Academy of Chiropractic’s
MD Referral Program
From the Desk of
William J Owens Jr. DC, DAAMLP, CPC
New content has been posted to the
MD Referral Program.
What is a REAL marketing plan for your practice?
Why do so many fall SHORT of their GOALS?
An 8 Part Series
#8 Marketing, Branding and Entrepreneurship
Consultation #13
PRACTICE OUTREACH
This is where the fun starts. Once you identify the offices that are friendly, open to work with you and interested in what you have to say, then we want to focus on building that relationship from an academic perspective on a more PERSONAL LEVEL. We stay in the academic realm until we have a good opportunity to switch to more personal items and further build the personal relationship. This can happen quickly or it can take some time. Don’t worry about the time, think about the process, it has to take its course. Some will move fast, others will move slower and some relationships don’t develop at all. Practice outreach encompasses all aspects of clinical care and at this point is where you specialize your academic outreach with the Bimonthly Flyers from a “Generalized – one size fits all approach” to a specific academic and now CLINICAL approach. So in a sense you are now taking what you have been showing them in the flyers and applying it to the patients of theirs that you are seeing from other referral sources OR the ones that they send you. You are becoming a consultant for their primary care or medical specialist office now…working to help them triage their patients, manage referrals and keep them updated on the latest research while reporting to them on their patients. The video in the Membership Portal #24 has more information on this if you are confused. Make sure that your staff has watched it as well – this is your training system. I would make them watch it at least 3 times until they can discuss the process with you.

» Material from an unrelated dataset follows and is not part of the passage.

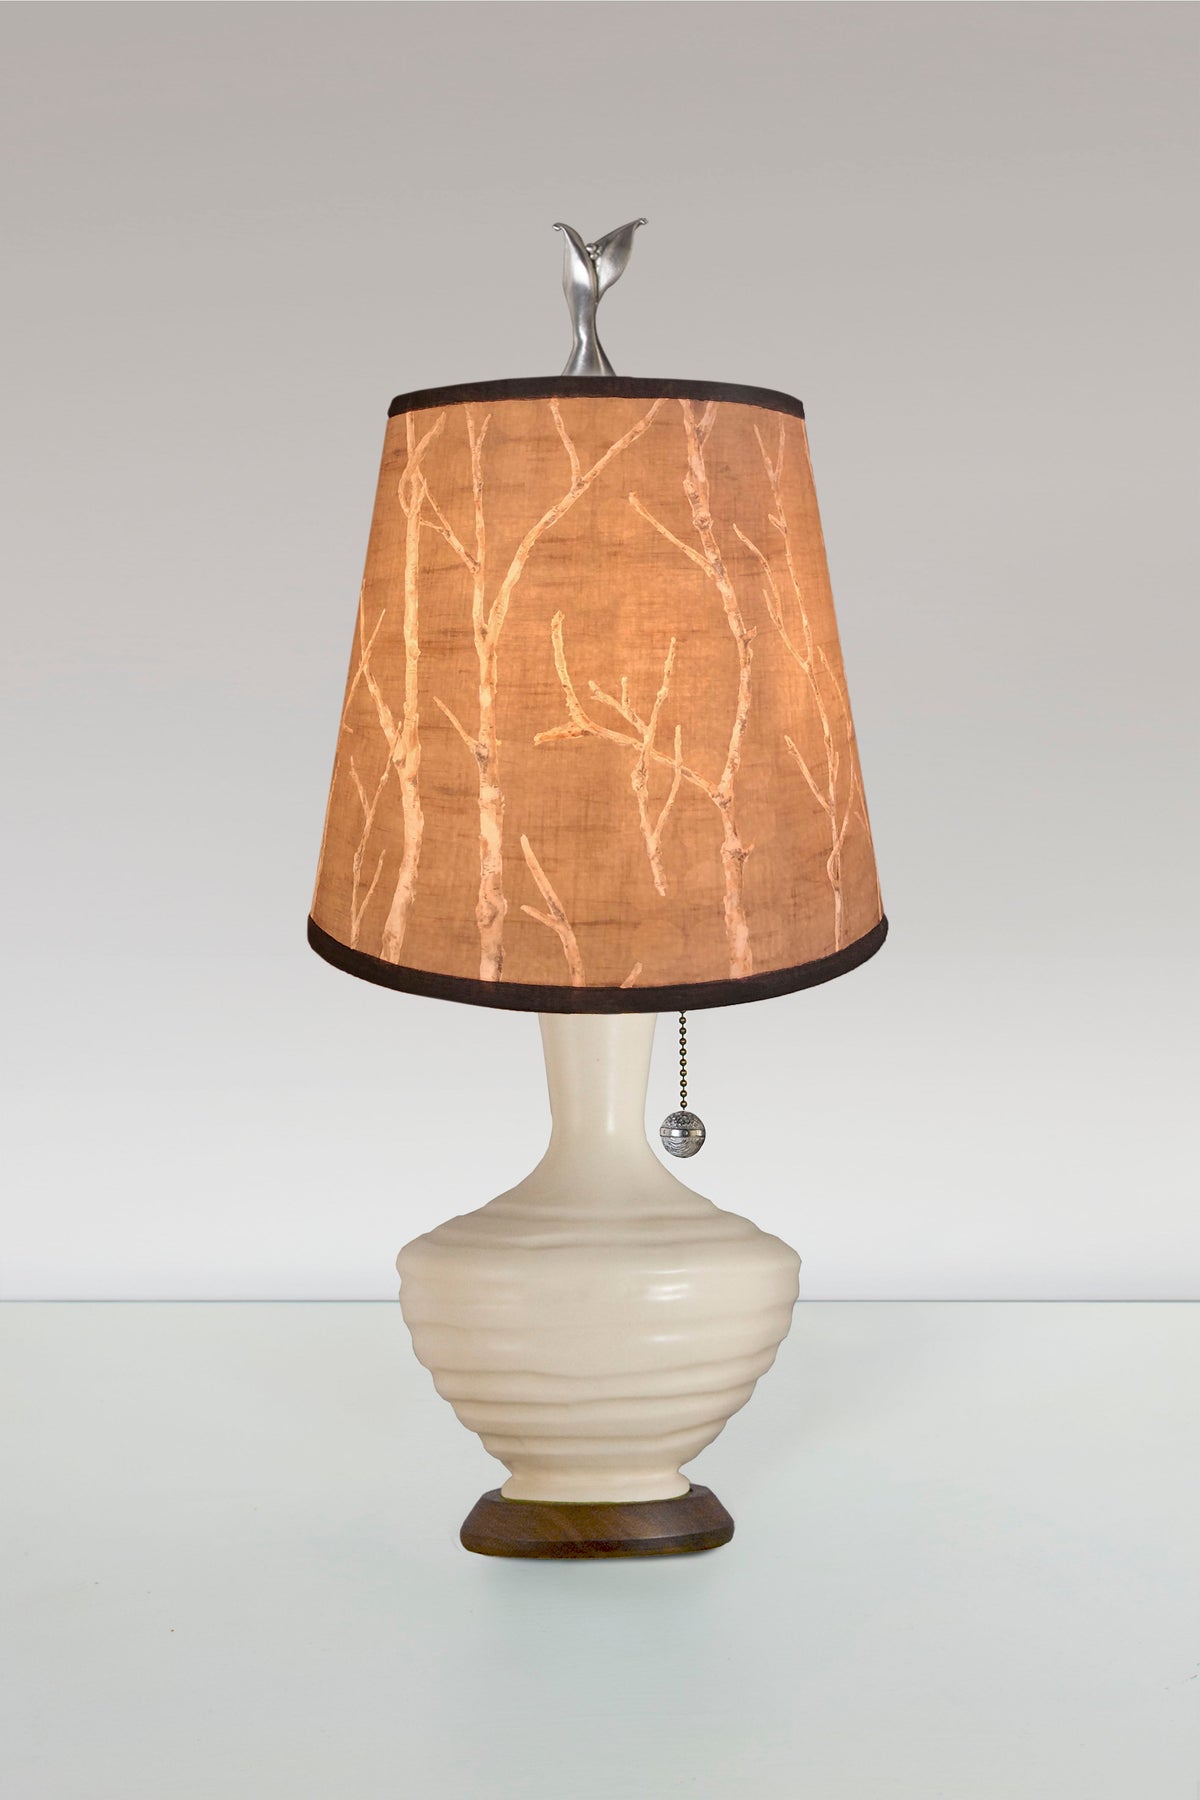 Janna Ugone &amp; Co Table Lamps Ceramic Table Lamp in Ivory Glaze with Small Drum Shade in Twigs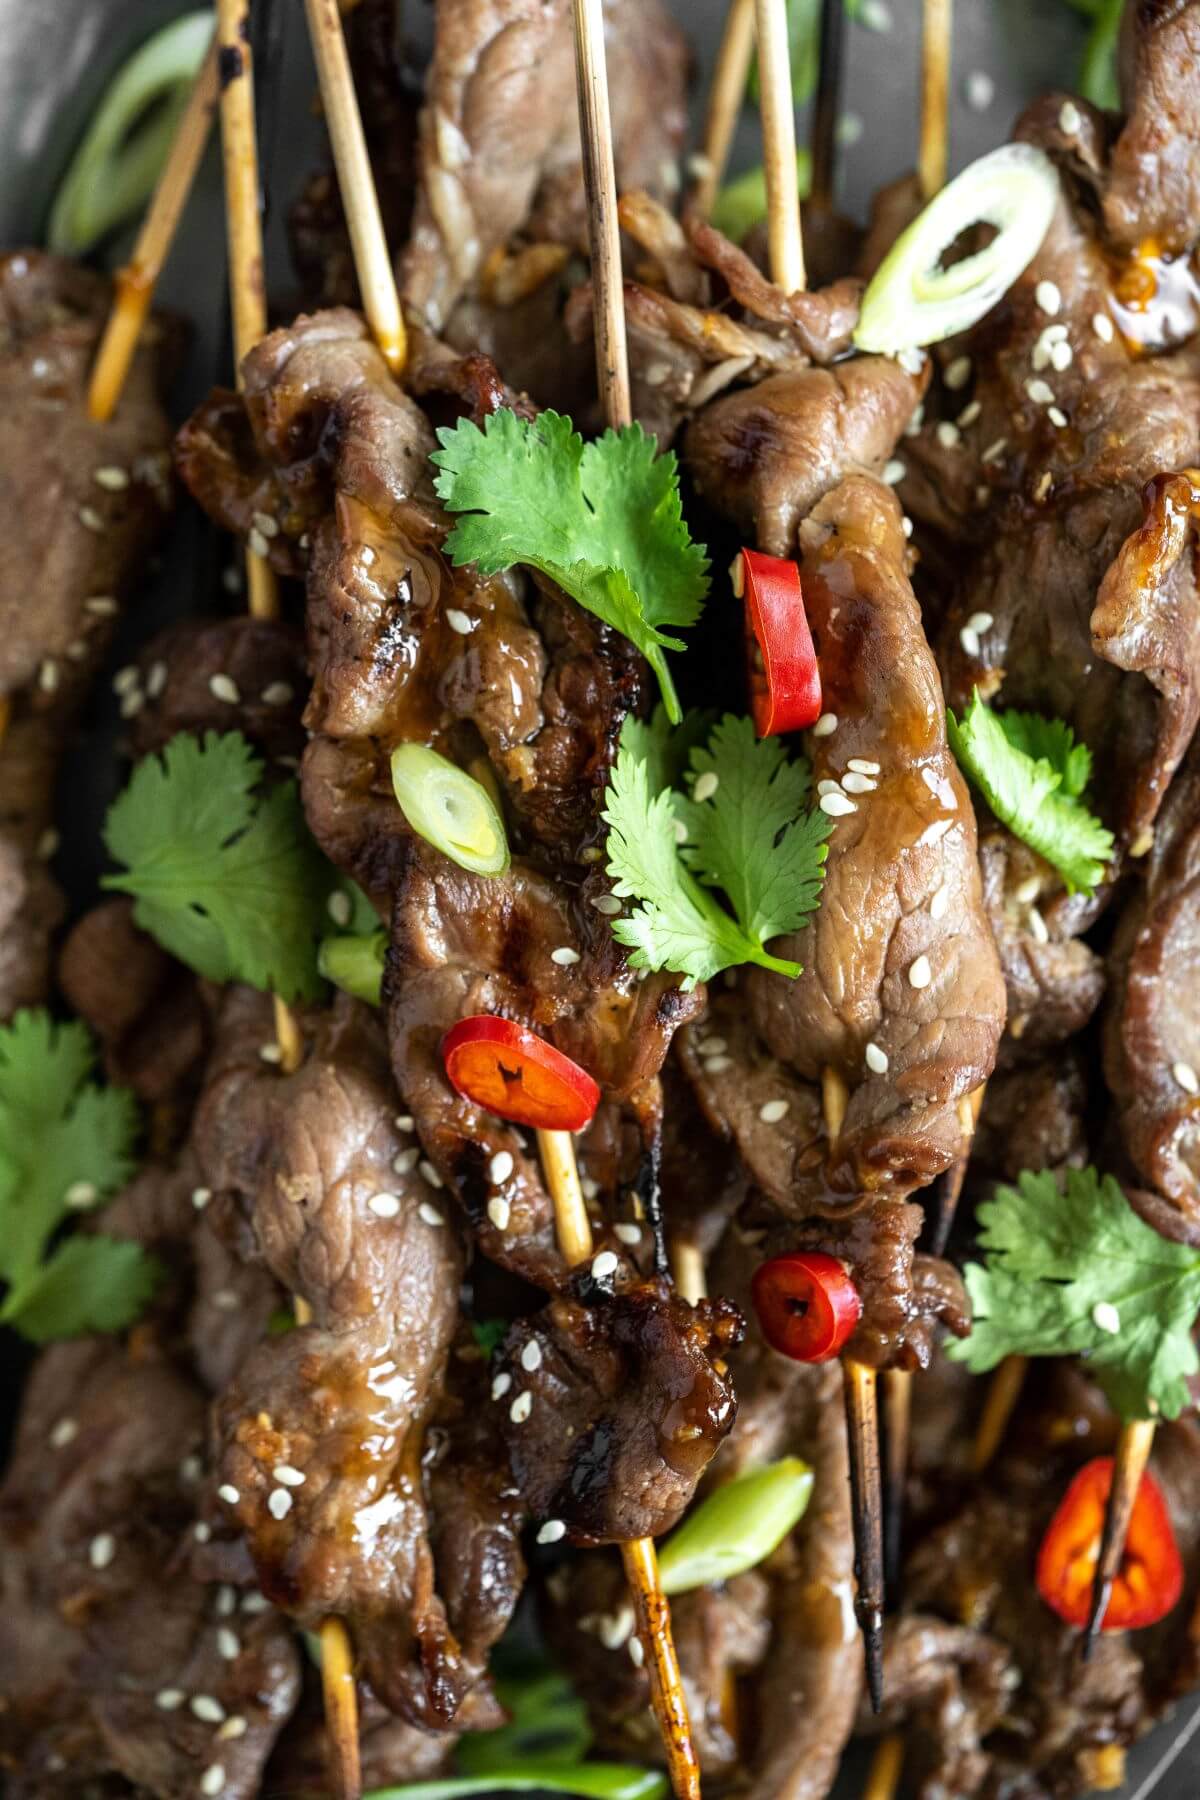 Grilled Teriyaki Beef Sticks garnished with chopped green herbs and red hot peppers.

This most important thing to remember is to NOT overdo your outreach. You will be missing opportunities to grow and get more new patients if you are spreading yourself to thin going to too many offices at one. This is particularly important when you are the primary treating DC in the practice. You have lots to juggle and if you don’t plan out how fast you are doing things; it can get away from you. Then you are back on the “On Again, Off Again” train – lots of new patients, no outreach, less new patients, then outreach again…over and over. Within this relationship comes the MD lunches for the offices, this is important since you want to start building relationships with the Staff, Mid-level Providers as well as the MD, but always remember that Staff and Mid-levels are often more important than the MDs in a practice, this is particularly true in Primary Care offices.
For offices that are referring, you need to schedule a lunch to visit and re-connect at least quarterly, for me especially for the big referring clinics I do 8 weeks. You can stay connected in the mean time via email and text to the providers, stopping by with coffee for staff AND AND AND sending patient reports to them if they want them. Some MD offices don’t care; others want the initial only etc. You should ask them, “What is the best way for me to report to you regarding referrals?”. This is a powerful question because it assumes that they are going to refer. Every practice is different and as an example, I get many patient referrals from MD offices that don’t even want to see the patient, they triage right over the phone to us, the only thing they want is that the PATIENT DOES NOT COME BACK WITH SPINE PAIN!